For priests and seminarians to honestly discuss their challenges with peers (other priests) or superiors (formation directors, supervisors, etc) means risking not only the loss of a job, but ultimately being thrown out onto the street.

I know you’re probably thinking that a religious order would have to be somewhat compassionate. However, a friend of mine who was asked to leave his order was given a one-way ticket out of the country, despite his desire to complete his Master’s degree. Despite the fact that lay people also lived in this Religious order's dorms, he was not offered a roof. He was not offered money or assistance to find a new place to live. Nor was he given any tuition assistance by his order. Fortunately, the school offered him tuition assistance and an on-campus job, but that’s not something every theology school could offer.

During the process of my education all students were required to take a two-day ethics seminar. Lay people and priests were together for this seminar. While there were the typical questionable ideas about sexuality being spouted by presenters, what truly upset me was when we were told we could not have dual-relationships with people in our parishes.
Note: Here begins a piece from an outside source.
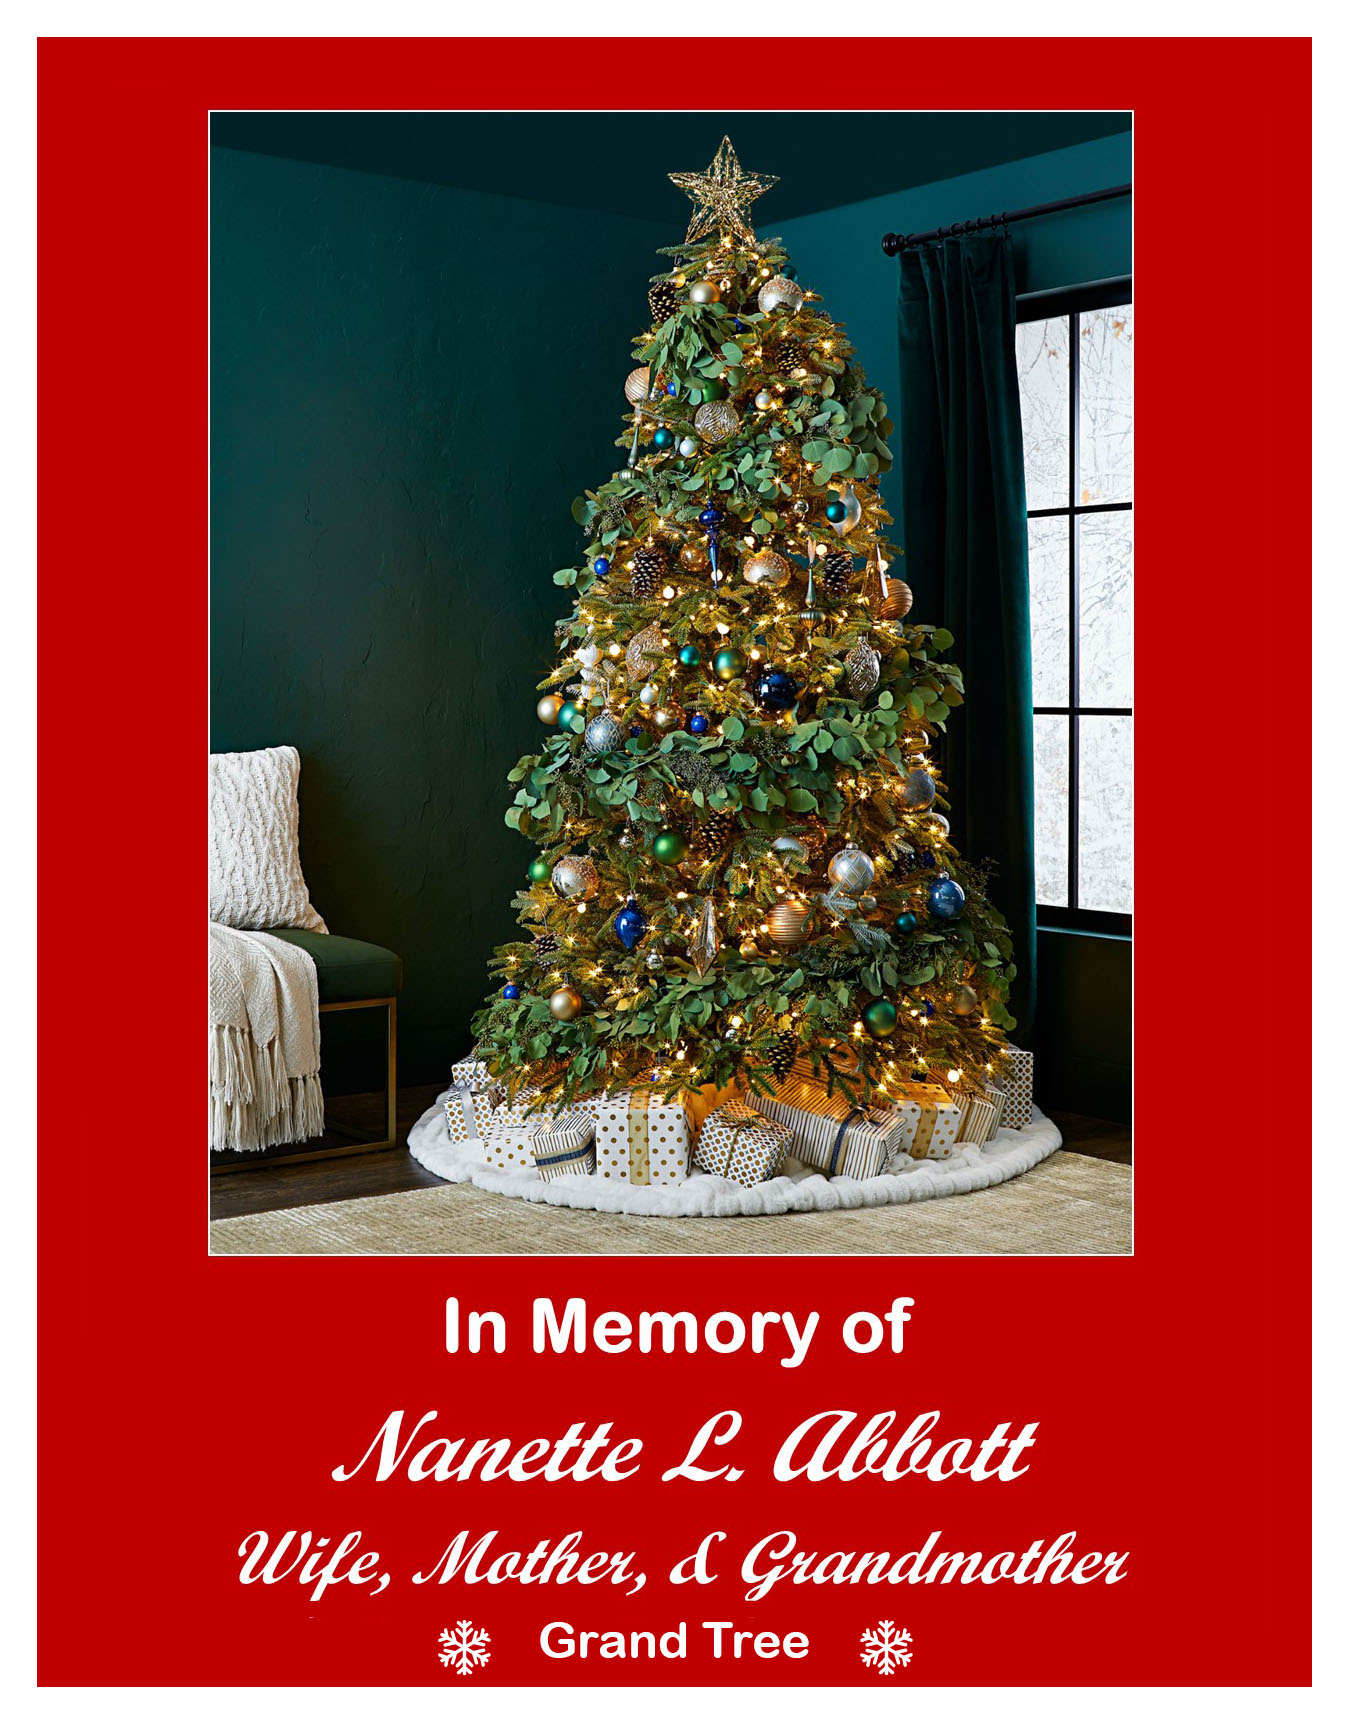 In memory of Nanette L. Abbott

What this meant was, if you were working at a parish you were discouraged from having parishioners as friends. .

This promotes clericalism, by encouraging priests to see themselves as separate from and ultimately better than parishioners. We were told that the typical parishioner would project God's greatness onto us and therefore to develop a personal relationship with a parishioner could negatively impact the individual's faith life, especially if we were to demonstrate a less than ideal trait. In other words: the adults in your community can't be trusted to be adults and understand that you are in fact not speaking for God at all times and are merely human. The definition of clericalism, in the name of clear boundaries.

This is practice is also a social death sentence for priests:

A priest typically has one official day off a week. This day off is rarely a weekend day. A diocesan priest (one who stays in just a particular region—the priests in the PA report were all of this kind) typically lives alone or with one or two other diocesan priests. None of this is something they have much say in. Ordered priests (Jesuits, Franciscans etc.) have more community, typically, but they still have very little say in where they are and who they’re living with. It’s entirely possible to end up living for years in a place you hate with people who rub you the wrong way. It’s possible to live the loneliest life while trying to be a spiritual leader.

This process is a recipe for disaster. Imagine: You have only Monday’s off but you’re not allowed to be friends with your co-workers—and you work 10-12 hour days. So when you get home to your roommate who you have very little in common with, all you want to do is crash. You have friends, but most of them live in different cities or even countries.

You will crack. At one point or another. And you were set up for failure. I don't know much about pedophilia, so I can't say that were these men better supported emotionally and could have a space to honestly discuss their challenges that things would have been diffferent. However, I do know that humans on their most basic level need community and need intimate (not necessarily sexual) relationships. The structure of the priesthood and the formation of priests fails at providing space for these needs.

This in no way excuses priests’ behavior. I’m merely offering a inside look at part of the problem.